Forest-Guided Clustering (FGC) is an explainability method for Random Forest models that addresses one of the key limitations of many standard XAI techniques: the inability to effectively handle correlated features and complex decision patterns. Traditional methods like permutation importance, SHAP, and LIME often assume feature independence and focus on individual feature contributions, which can lead to misleading or incomplete explanations. As machine learning models are increasingly deployed in sensitive domains like healthcare, finance, and HR, understanding why a model makes a decision is as important as the decision itself. This is not only a matter of trust and fairness, but also a legal requirement in many jurisdictions, such as the European Union's GDPR which mandates a “right to explanation” for automated decisions.

FGC offers a different approach: instead of approximating the model with simpler surrogates, it uses the internal structure of the Random Forest itself. By analyzing the tree traversal patterns of individual samples, FGC clusters data points that follow similar decision paths.

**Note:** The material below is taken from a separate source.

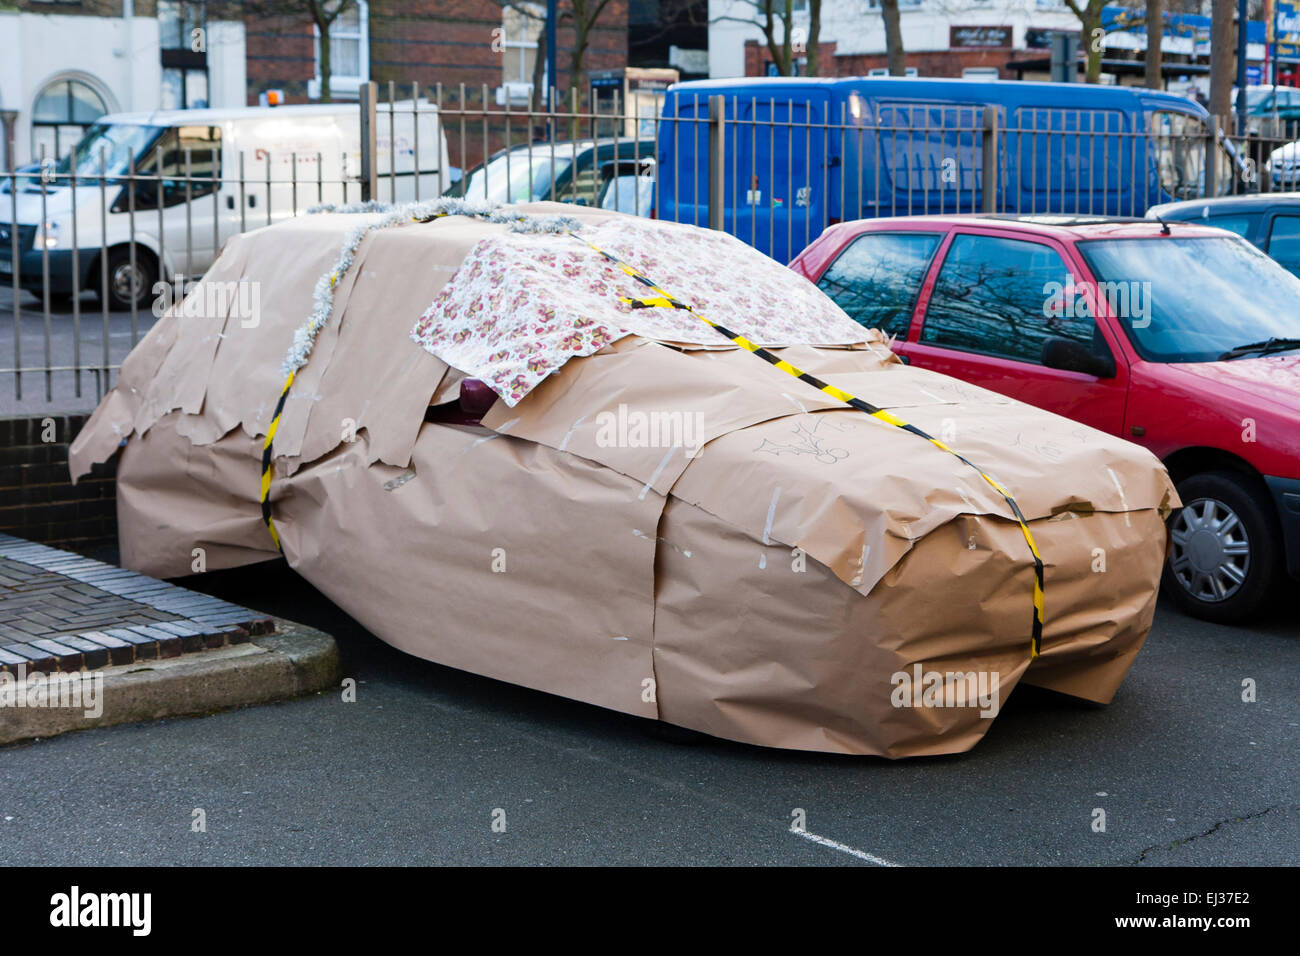 A car wrapped up in brown wrapping paper and black and yellow tape as a surprise secret Santa gift, parked in a car park. Stock Photo

This reveals how the forest segments the input space, enabling a human-interpretable view of the model's internal logic. FGC is particularly useful when features are highly correlated, as it does not rely on assumptions of feature independence. It bridges the gap between model accuracy and model transparency, offering a powerful tool for global, model-specific interpretation of Random Forests.

**📢 New! Forest-Guided Clustering is now on arXiv**

Please see our paper [Forest-Guided Clustering - Shedding Light into the Random Forest Black Box](https://doi.org/10.48550/arXiv.2507.19455) for a detailed description of the method, its theoretical foundations, and practical applications. Check it out to learn more about how FGC reveals structure in your Random Forest models!

**Prefer a visual walkthrough?**
Watch our short introduction video by clicking below:

<div align="center">

[![Video](http://i.vimeocdn.com/video/1501376117-3e402fde211d1a52080fb16b317efc3786a34d0be852a81cfe3a03aa89adc475-d_295x166)](https://vimeo.com/746443233/07ddf2290b)

</div>

**Curious how Forest-Guided Clustering compares to standard methods?**
See our notebook: [Introduction to FGC: Comparison of Forest-Guided Clustering and Feature Importance](https://github.com/HelmholtzAI-Consultants-Munich/fg-clustering/blob/main/tutorials/introduction_to_FGC_comparing_FGC_to_FI.ipynb).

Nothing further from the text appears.